**WHAT YOU ARE ASKED TO DO:** Write out exactly the lines of the entries below from the one holding "Größe: 12'0" to the one holding "En las estructuras", inclusive, and leave out all other lines.

**PROVIDED MATERIAL:**
--

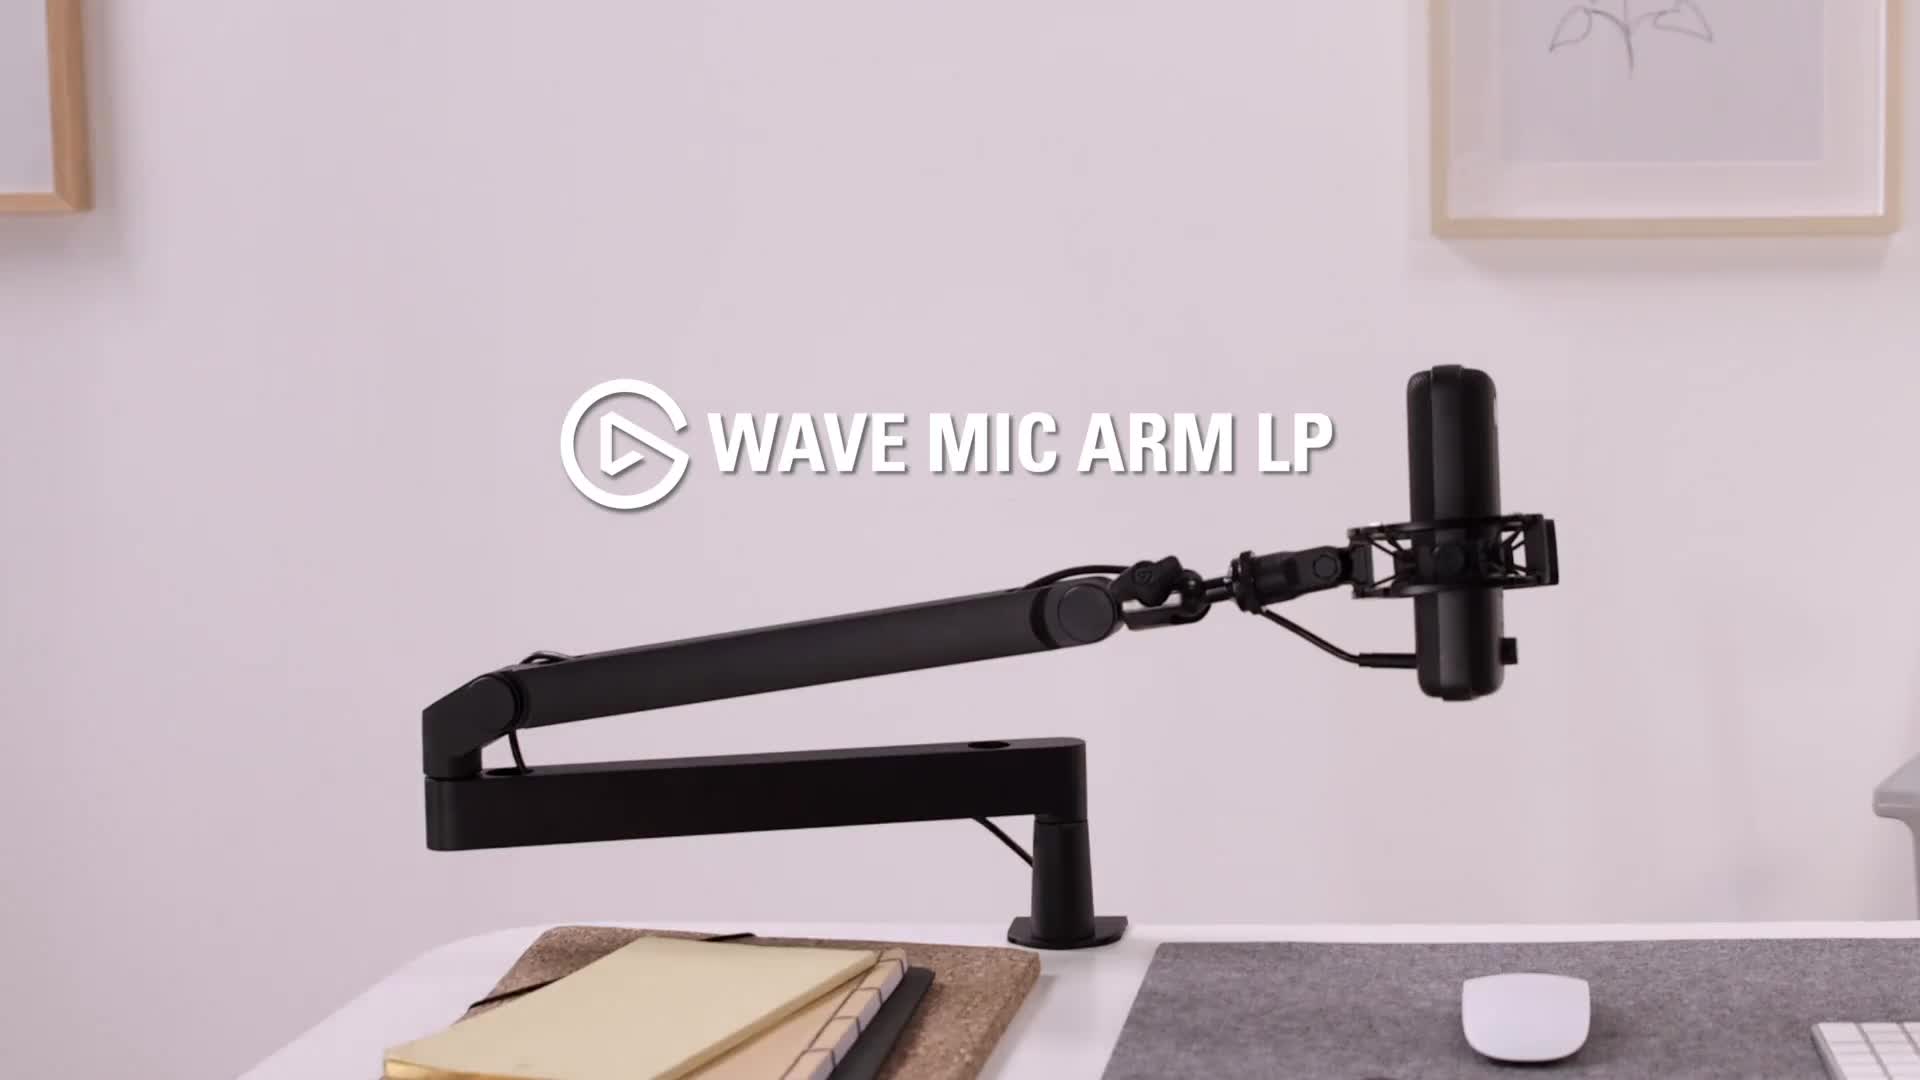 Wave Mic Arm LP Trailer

--

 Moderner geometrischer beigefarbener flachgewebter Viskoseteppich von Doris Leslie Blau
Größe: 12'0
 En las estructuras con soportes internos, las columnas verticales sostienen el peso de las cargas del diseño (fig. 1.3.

--

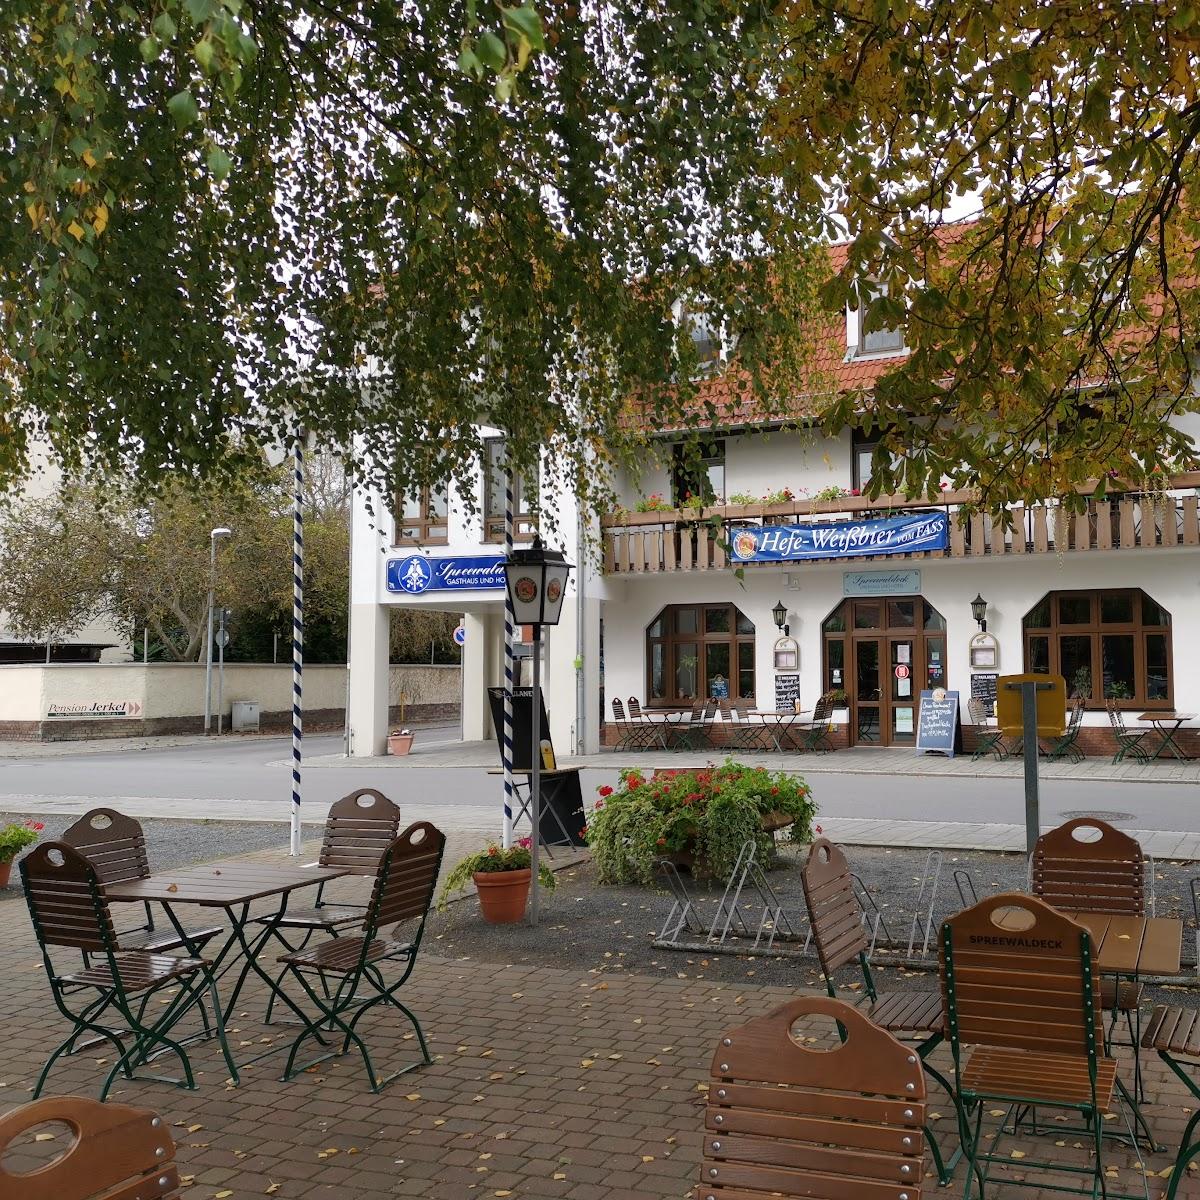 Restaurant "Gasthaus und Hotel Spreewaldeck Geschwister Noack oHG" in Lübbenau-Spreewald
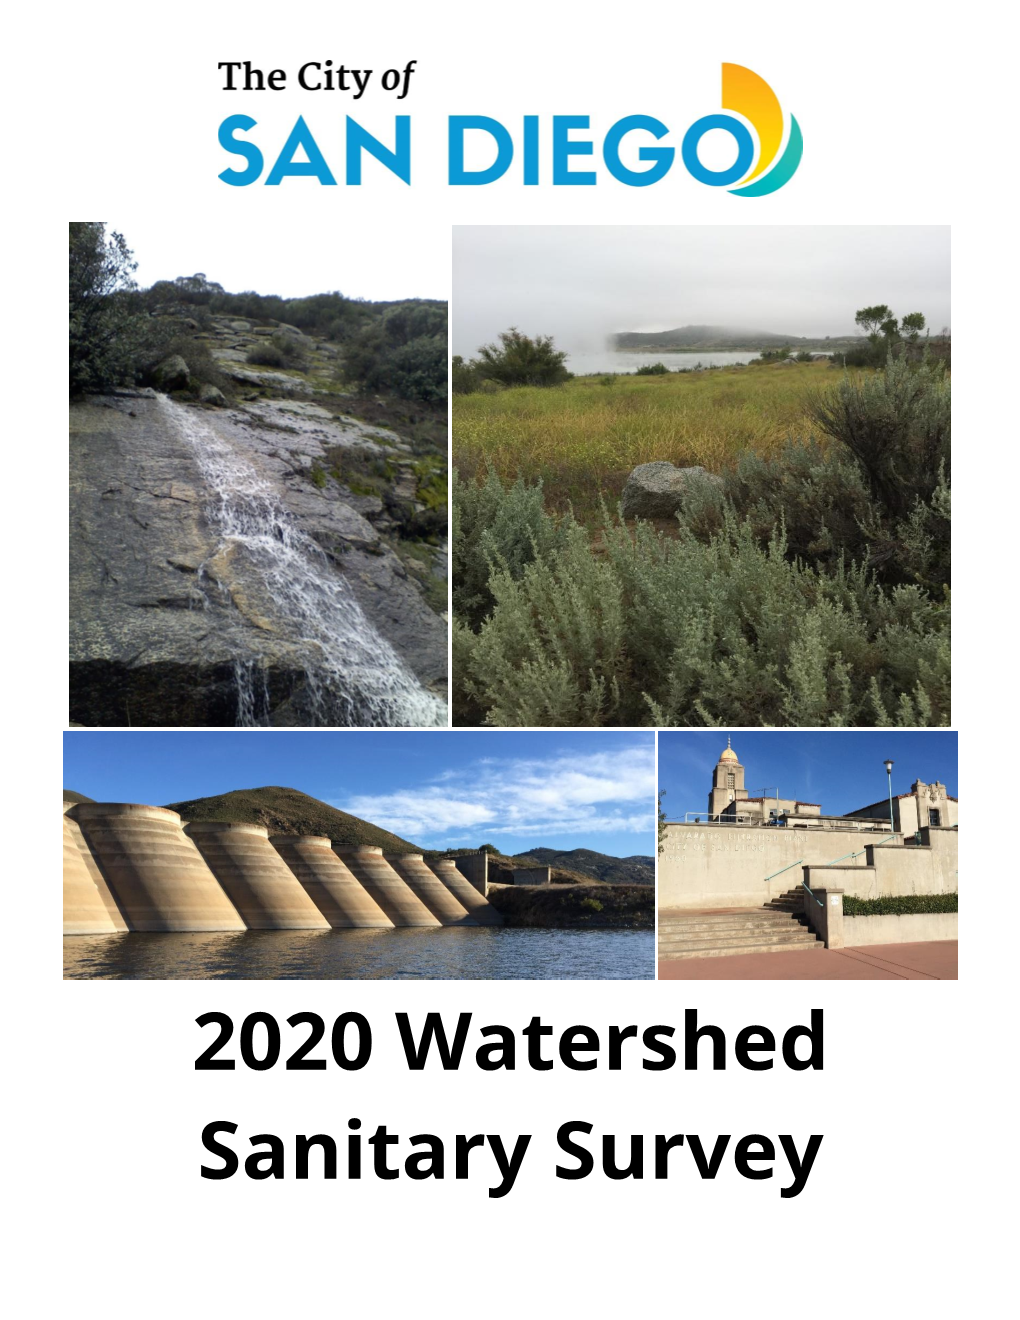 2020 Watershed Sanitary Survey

--

**THE ANSWER:**
Größe: 12'0
 En las estructuras con soportes internos, las columnas verticales sostienen el peso de las cargas del diseño (fig. 1.3.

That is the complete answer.